When Carol hears of children facing such a threat, she takes them into her rescue home. There they are well fed, treated and put on a list for adoption.

Carol drove us to the orphanage to show us around. The home had two large dorms, a kitchen, dining room, playgrounds, examination rooms and a sick bay. Sick bay? Aren’t they all sick? I thought naively. I didn’t really have an image of how HIV shows itself in children. Perhaps I expected them to lie around, coughing, looking miserable. But at the home we found a healthy looking, shy but active bunch of little ones. And yes, some had rashes on their heads and they were all small for their age, but apart from that, you couldn’t have guessed that they are on loads of pills everyday.

P1060546

P1060556

P1060558

In the hostel we met 3 American couples who are here to adopt HIV positive kids from Carol’s home. One of the mothers told us that they already adopted their daughter 8 months ago, and found out that she had a brother here. He is not HIV positive, but in a very abusive situation. So they’re trying to adopt him too, but adoption has become very difficult. ‘There is a new judge here, who is convinced that Ugandan children should stay in Uganda’, Sheila explained. Carol added that another reason the government is now reluctant, is because they want to bring a halt to the child trafficking, selling them for organ donation. Through illegal ‘adoptions’ or just after snatching children from villages, children are brought to neighbouring countries where it is said that Western families come to save their own child.

Cornelius and I have many discussions about the effectiveness of NGOs. There are many shades of grey, but to put it simply, we are both not convinced that volunteering and NGOs are the right way to accelerate development in these countries. Except when situations are so acutely life-threatening for many people and the government or tribes are too busy waging wars at the costs of their own peoples (like in Rwanda or in Darfur). In fact, we believe that it is rather counterproductive, because it gives governments an excuse to neglect their responsibilities, as the Western countries are conveniently stepping in. Why should NGOs take care of their people in need, when the government has all resources, possibilities and political stability to do it themselves?

A local pastor answered that question clearly: ‘the governments are dedicated to different priorities, mostly their own priorities, thereby keeping their resources from the people who need it most. And that’s why other people should step in: to keep children from being neglected and killed everyday’.
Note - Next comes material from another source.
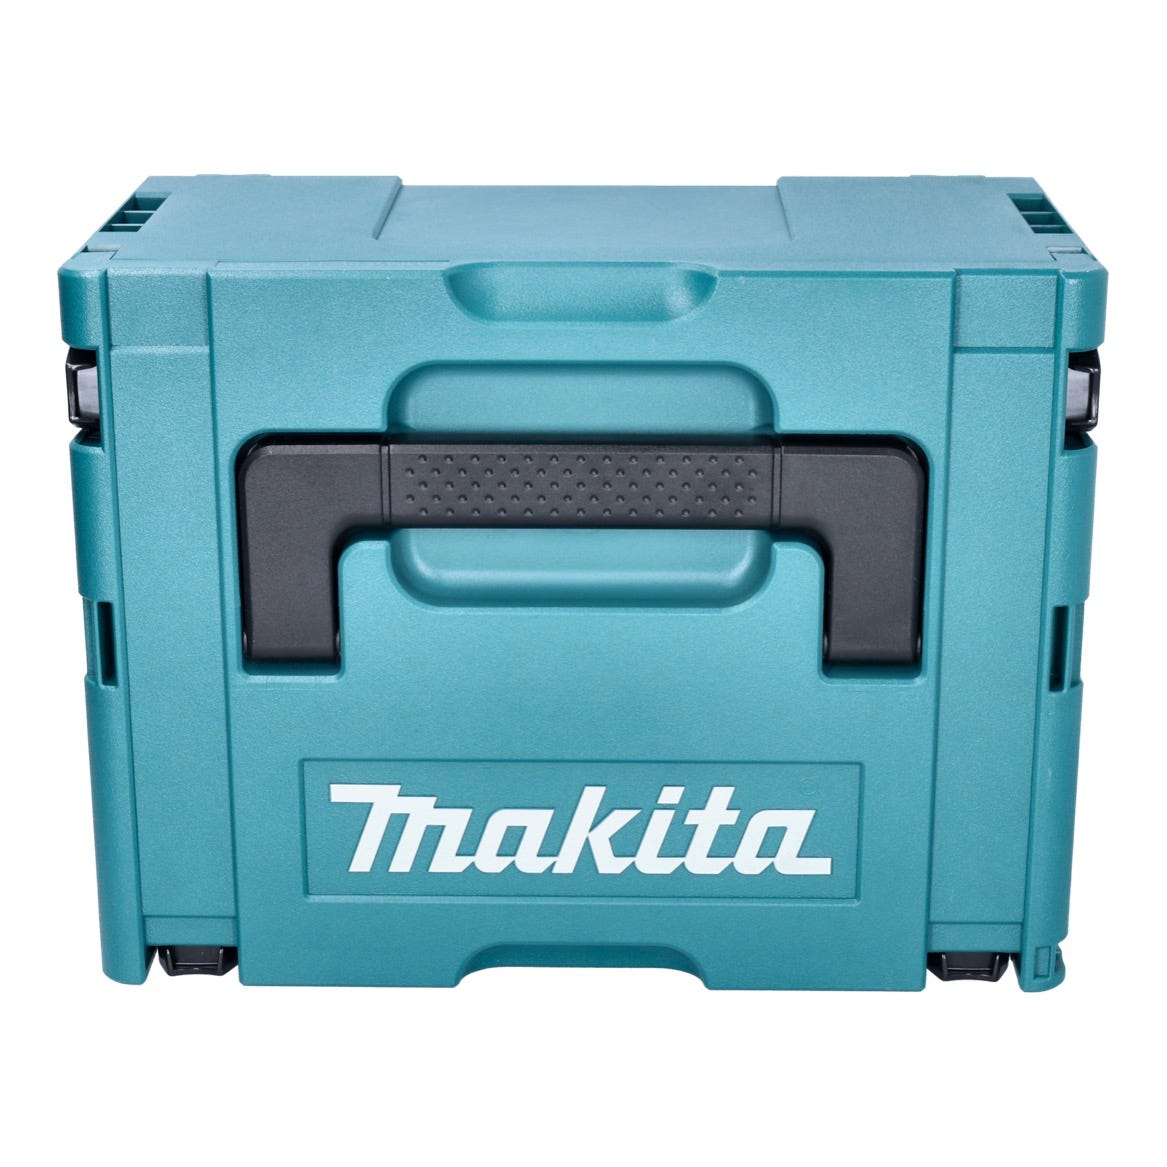 Makita DJV185RFJ Scie sauteuse sans fil 18V Brushless + 2x Batteries 3,0Ah + Chargeur + Coffret Makpac 2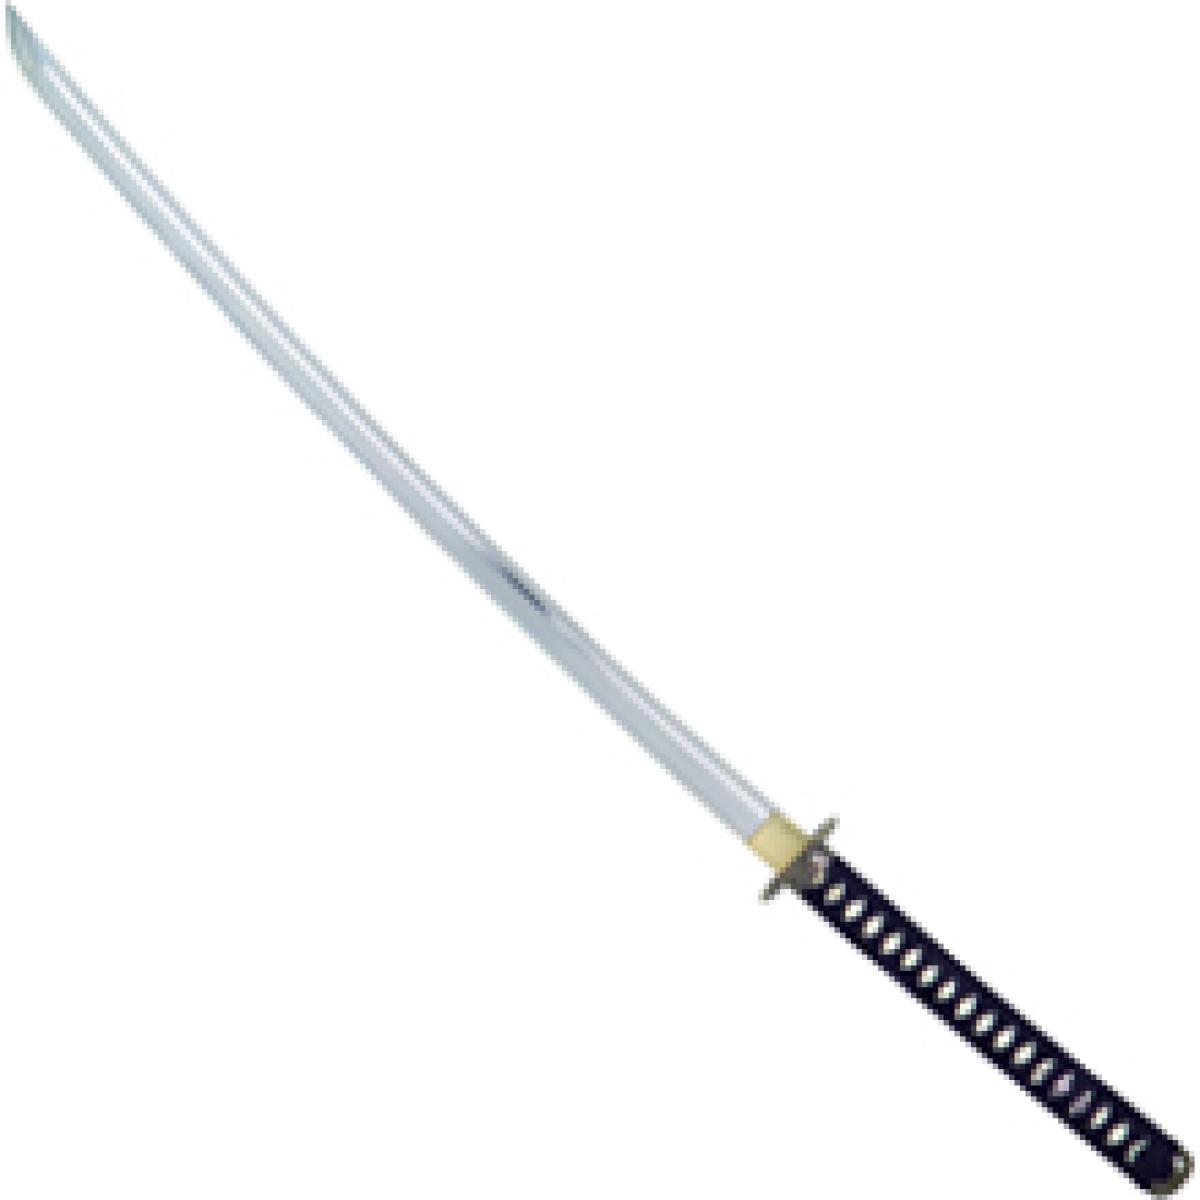 John Lee Samurai sword set "Dragon" ➤ www.bokken-Shop.de ✅ consisting of Dragon Katana, Wakizashi & Tanto ✓ sharp ✓ The Katana specialist dealer

Although our opinions haven’t really changed, I still have great admiration for people like Carol who dedicate their life to giving a few children a future, for families like the Americans who take on the risk, cost and hassle of adopting HIV positive children. For the volunteers who try to get the kids to believe that they do have a value and that they are not worthless.

Cornelius is getting restless and wants to move on, maybe because he fears that I will grow soft and start doing some volunteering, and drag him into it, haha 🙂 So tomorrow we pack and drive towards the crater lakes. Both looking forward to do some trekking in beautiful nature again.